The Institute for Basic Science announced on the 20th that Professor Jeon Jae-geun of the Department of Physics and Astronomy at Seoul National University (former deputy director of the Strongly Correlated Matter Research Group), together with Professor Jung Hyun-sik of Sogang University, Professor Kim Jae-hoon of Yonsei University, and Professor Son Young-woo of the Institute for Advanced Study, discovered a new exciton in a magnetic two-dimensional material where a single electron exists divided among multiple atoms in a quantum many-body state. The research results were introduced on the 21st (local time) in the international journal Nature.

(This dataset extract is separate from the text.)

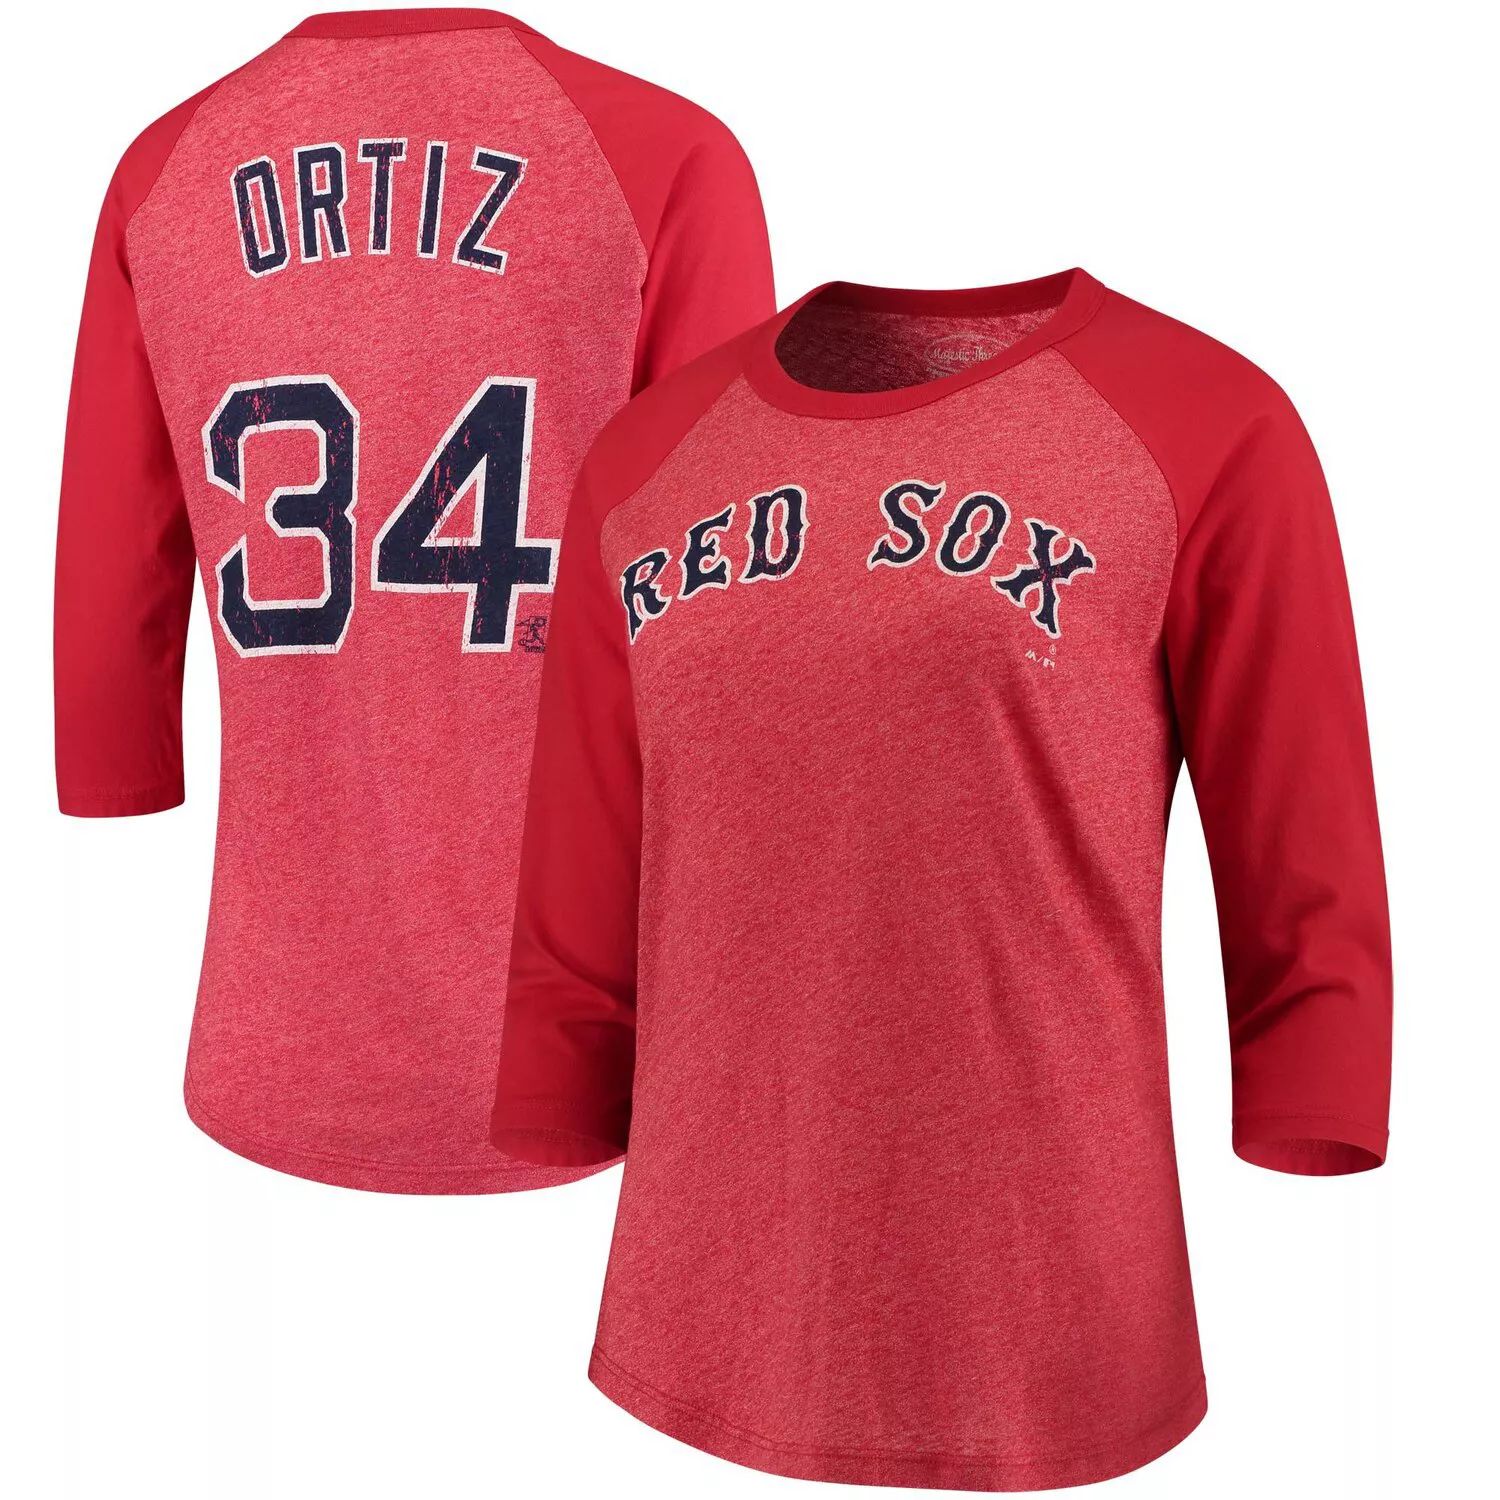 Женская футболка Majestic Threads David Ortiz Red Boston Red Sox, футболка Tri-Blend длиной три четверти с именем и номером реглан Majestic

A Single Electron Existing Across Multiple Atoms
This is the crystal structure of bulk trisulfide nickel phosphide (NiPS3). Each layer of the two-dimensional magnetic van der Waals material used in the experiment is composed of a hexagonal structure. The van der Waals bonds between layers are weak, allowing the layers to be easily separated. Although the spin directions are fixed as in ferromagnetism, the adjacent spins are oriented in opposite directions, resulting in an antiferromagnetic material that does not exhibit overall magnetism.

This is the crystal structure of bulk trisulfide nickel phosphide (NiPS3). Each layer of the two-dimensional magnetic van der Waals material used in the experiment is composed of a hexagonal structure. The van der Waals bonds between layers are weak, allowing the layers to be easily separated. Although the spin directions are fixed as in ferromagnetism, the adjacent spins are oriented in opposite directions, resulting in an antiferromagnetic material that does not exhibit overall magnetism.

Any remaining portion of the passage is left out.